* Your assignment
Starting at the line that contains "Con un tradizionale", retype each line to the end of the listing below. Include both ends, but not the pictures.

* Raw data
****

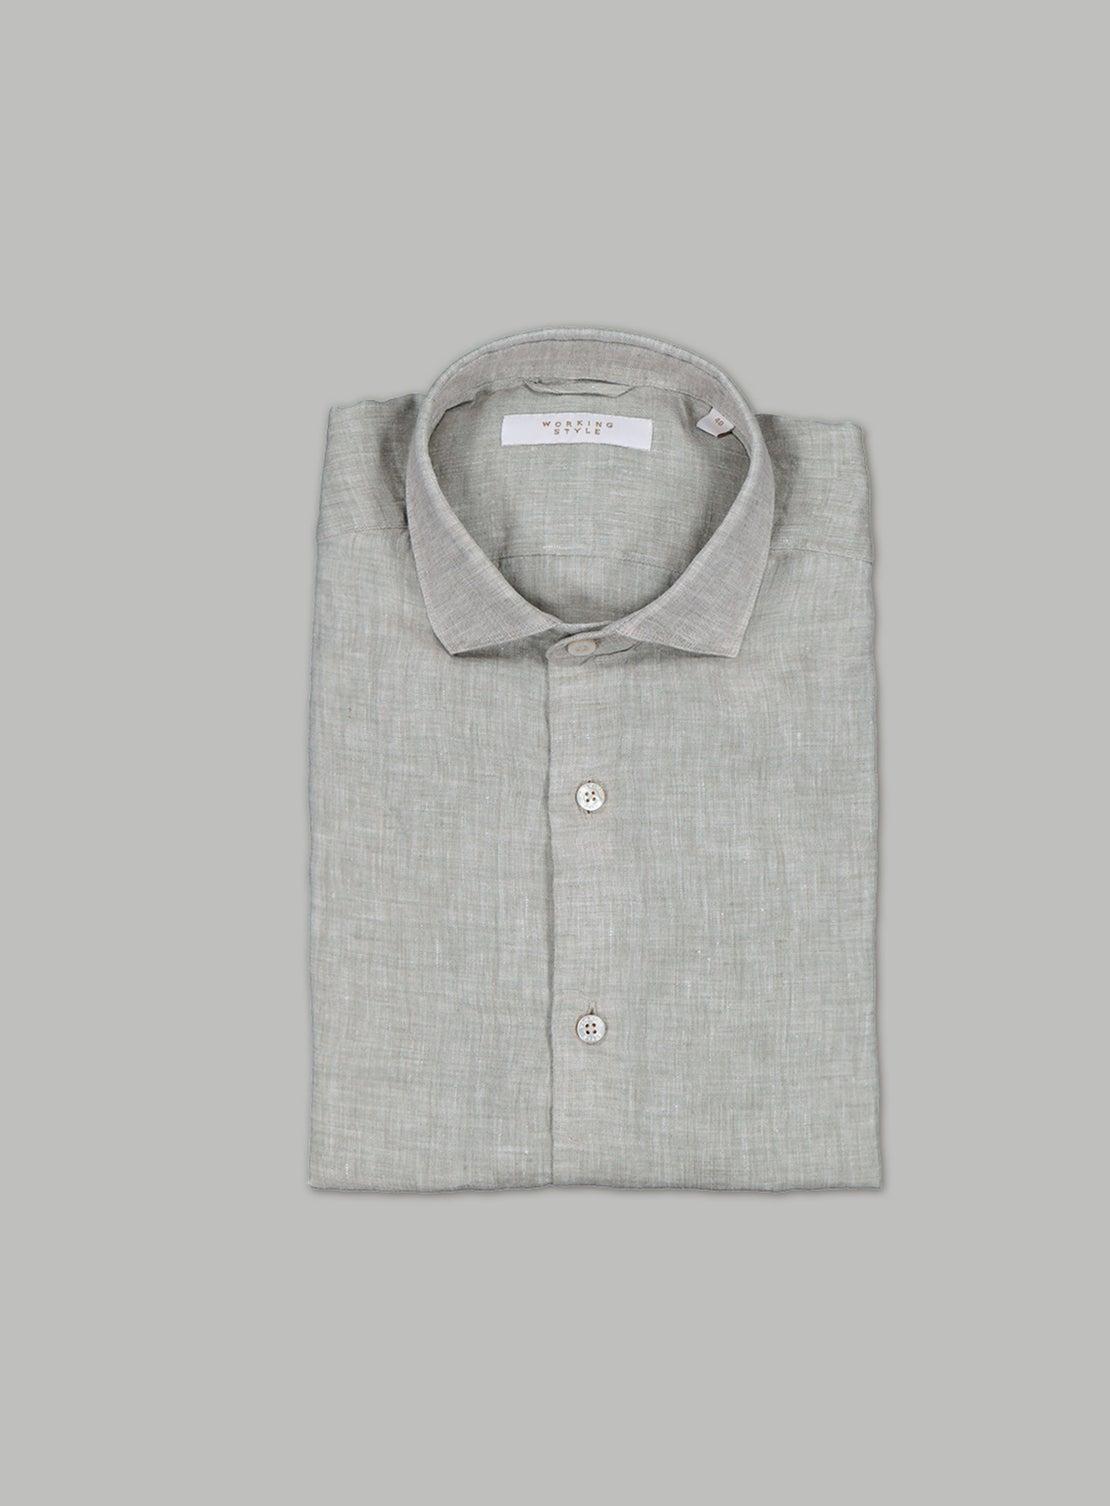 Pale Olive Linen Short Sleeved Shirt
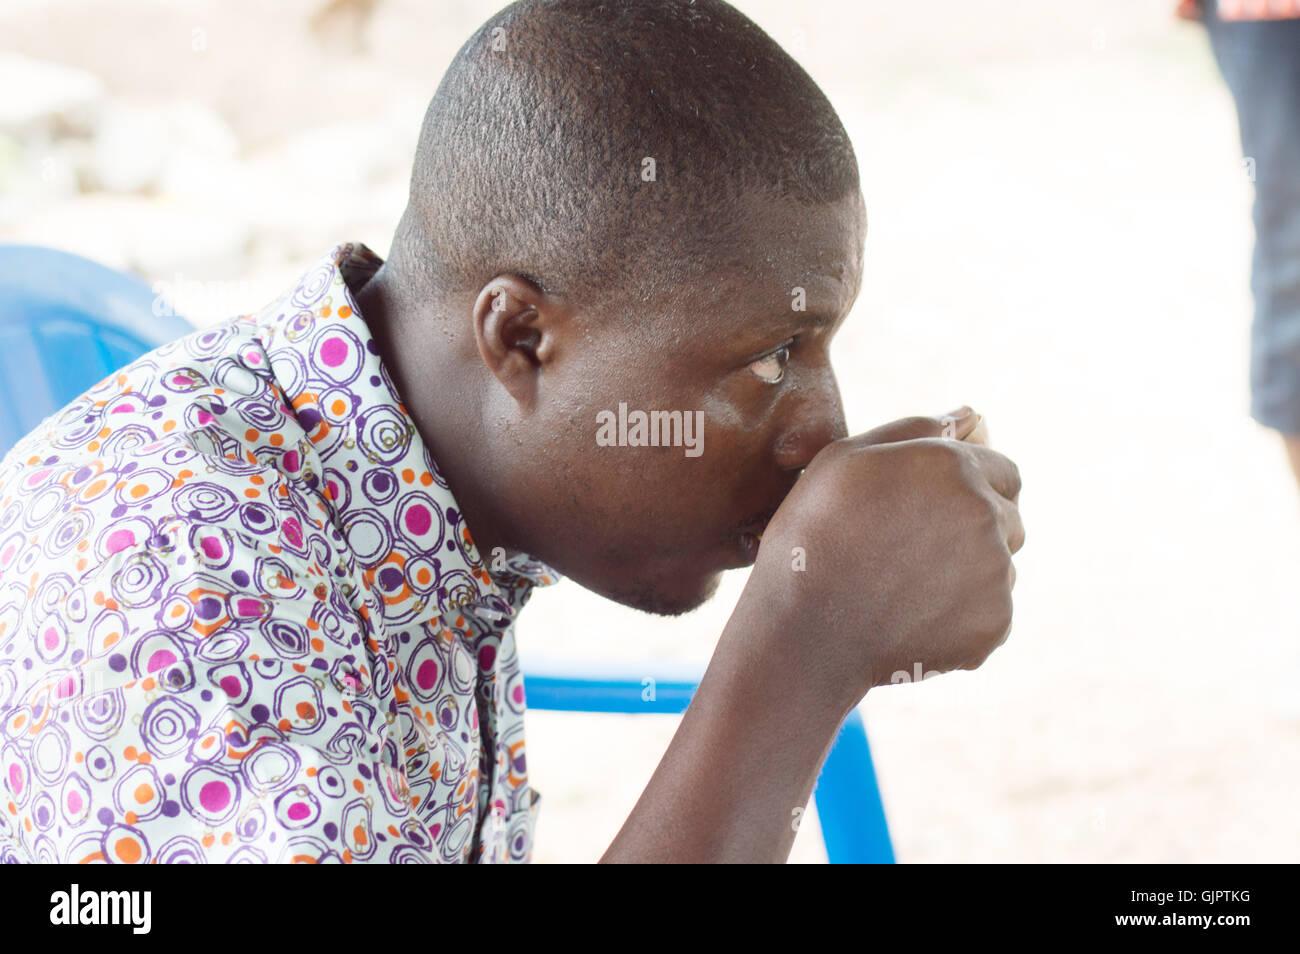 Con un tradizionale coppa in mano , questo giovane uomo rinfresca la gola da palm vino. Immagini Stock
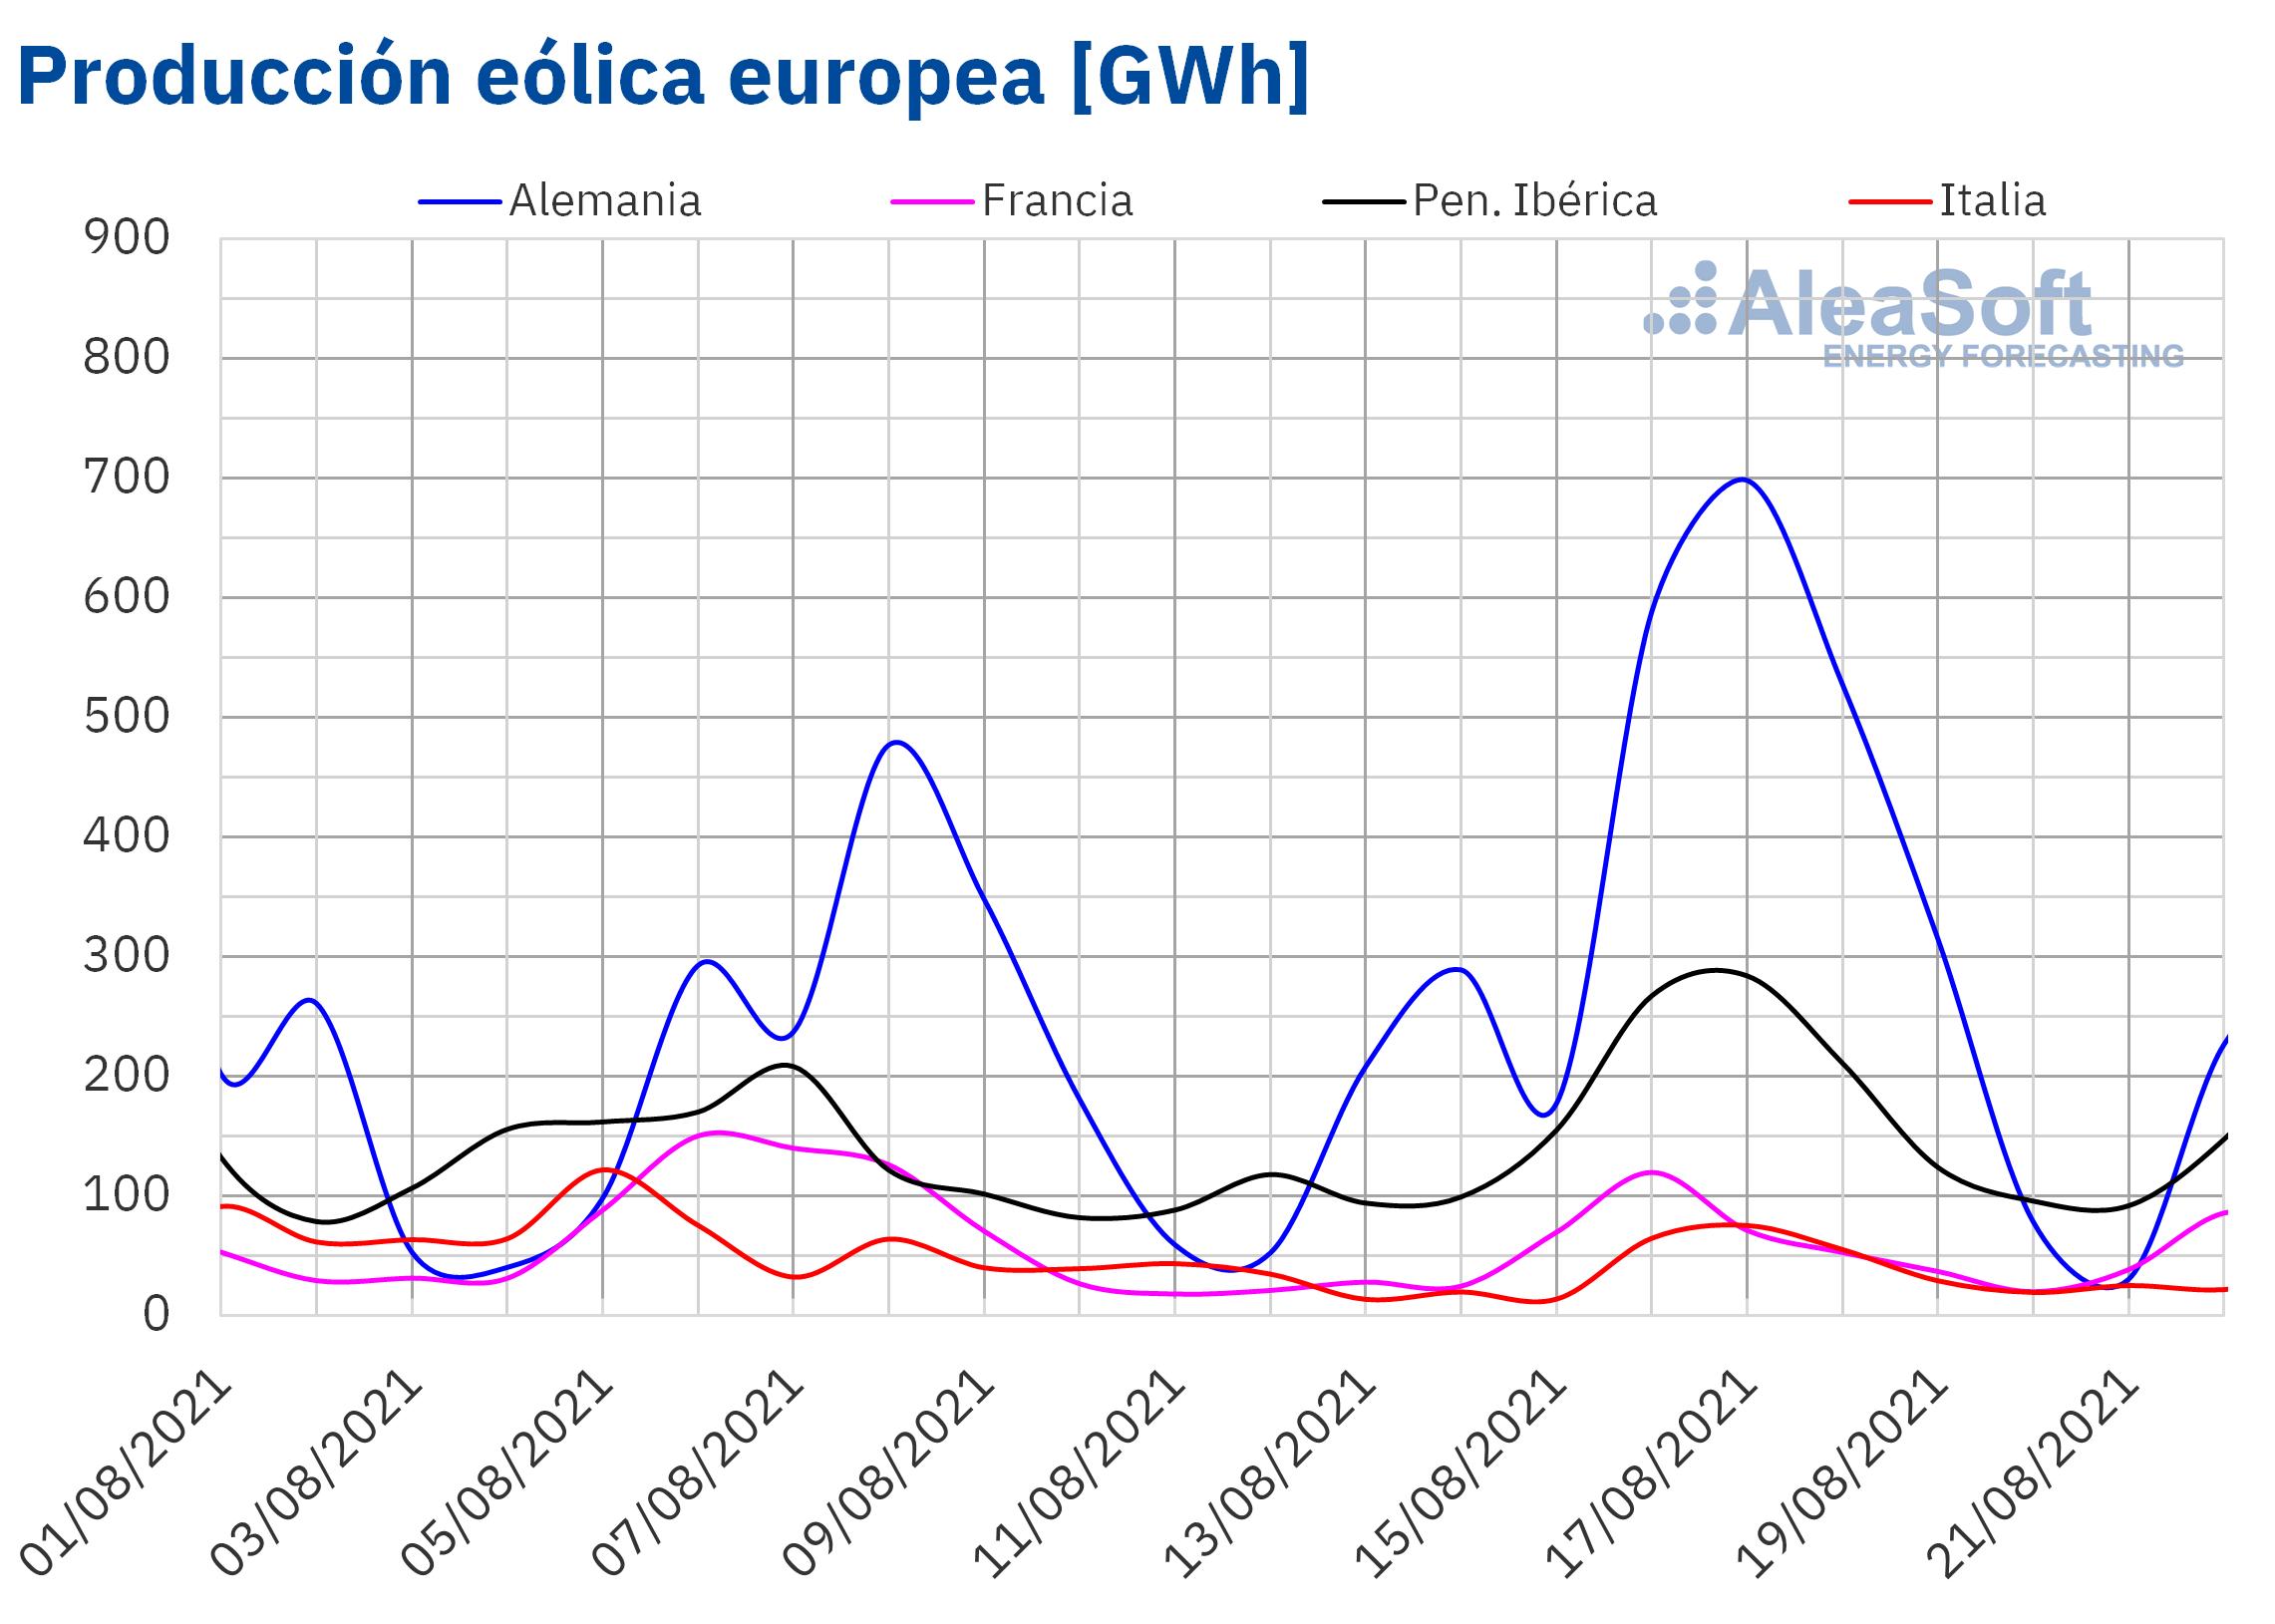 AleaSoft - Produccion eolica electricidad Europa

****

* Written answer
 Con un tradizionale coppa in mano , questo giovane uomo rinfresca la gola da palm vino. Immagini Stock
 AleaSoft - Produccion eolica electricidad Europa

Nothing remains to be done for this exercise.